Even as the jury returned guilty verdicts Tuesday afternoon on all three counts against the former Minneapolis police officer — second-degree murder, third-degree murder and second-degree manslaughter — the community safety organizer at Jewish Community Action, a Minnesota social justice organization, had been thinking of issues bigger than the result.
“My biggest concern before was in focusing solely on the trial, it makes us about one incident,” Tanner said. “It’s about that 9 minutes and 29 seconds on May 25. And that’s what it ends up being about and not the broader system. Even in the trial, people are arguing that Derek Chauvin is a rogue police officer, that he’s not typical. And he is.”
For Tanner, a Jew of color, the state of policing and public safety in the country is the intersection of his work as an organizer and who he is as a person. And the April 11 killing of Daunte Wright by a police officer in nearby Brooklyn Center only strengthened his resolve to pursue broader efforts to transform public safety through his work at the Jewish Community Action, which shifted last year to focus squarely on responding to George Floyd’s death. (The officer in the Wright killing has been charged with manslaughter.)
“This last week actually provided more opportunities and more clarity than before,” he said. “Before the murder of Daunte Wright and around the trial, we [were] already planning and trying to work on some political education pieces on what’s next.”
Fueled by a belief that fear is holding back needed changes in policing, Tanner is putting together a workshop for his organization on anti-Black racism, fear and the need to be secure.

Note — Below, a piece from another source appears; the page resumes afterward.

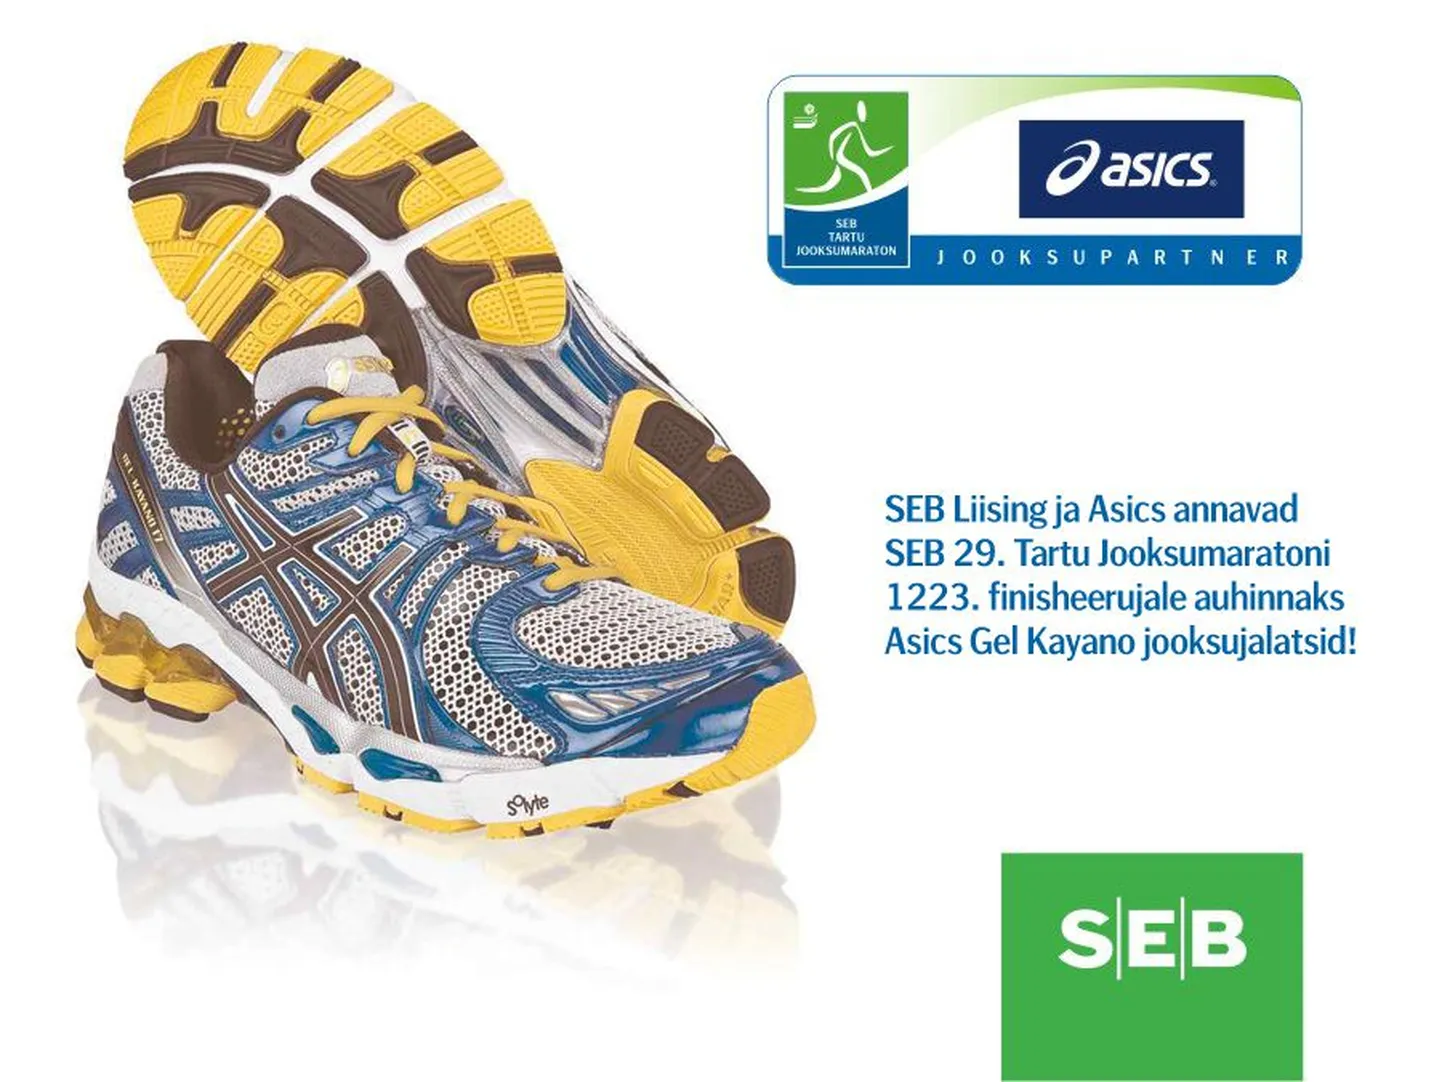 Asics Gel Kayano jooksujalatsid saab inimene, kes finišeerib SEB 29. Tartu Jooksumaratoni 1223-ndana.

“We have a narrative in this country about anti-Black racism and fear, and it allows for that confusion between security and actually being secure,” he said. “Fear is a physical reaction, it’s not just a psychological thing. When we watch scary movies, we actually react to that, so getting in tune with that, and our initial reactions, I just think that’s important.”
A virtual training on Sunday started tackling some of the difficult conversations that come around the topic of reimagining public safety. A portion of the training included about 20 minutes of breakout rooms with scenarios of how to practice having conversations about policing.
One of those needed conversations is about the movement to “defund” police in Minneapolis and beyond — a term that Tanner says has a different meaning depending on whom you ask. To him, it means the middle ground between reform, which requires investing more money into police forces, and abolition, doing away with police entirely.
“Folks who want to defund, it’s this middle ground. It’s saying that we have enough resources as a community to provide for what we need,” he said. “When you talk about defunding, you’re talking about reallocating, and as you’re talking about reallocating, to me it actually opens up the world to dreaming of what’s possible. How can we imagine a world in a society that we’ve never seen? And it’s scary as hell.”
For Tanner, the road ahead is certain to be difficult — but it’s one that he sees traversing nonetheless as an action with a deeply Jewish antecedent.
“I just keep imagining our ancestors being at the Red Sea and being like, ‘OK, you go,’ ‘No, you go first.’ And then everyone else is like, ‘This is a really bad idea, y’all. We don’t even know what’s over there. We haven’t even seen it before.’ And I feel like, in many ways, we get a chance to do this, make mistakes, learn and grow,” he said.
The US Justice Department announced Wednesday, a day after Chauvin’s conviction, that it would investigate the Minneapolis Police Department. Previous investigations have ended with agreements, known as consent decrees, between federal and local authorities to changes in policing and oversight.
Regardless of the conviction, Tanner said justice isn’t done.
“There is no justice,” he said, “because there is no redemption or repair in a cage.”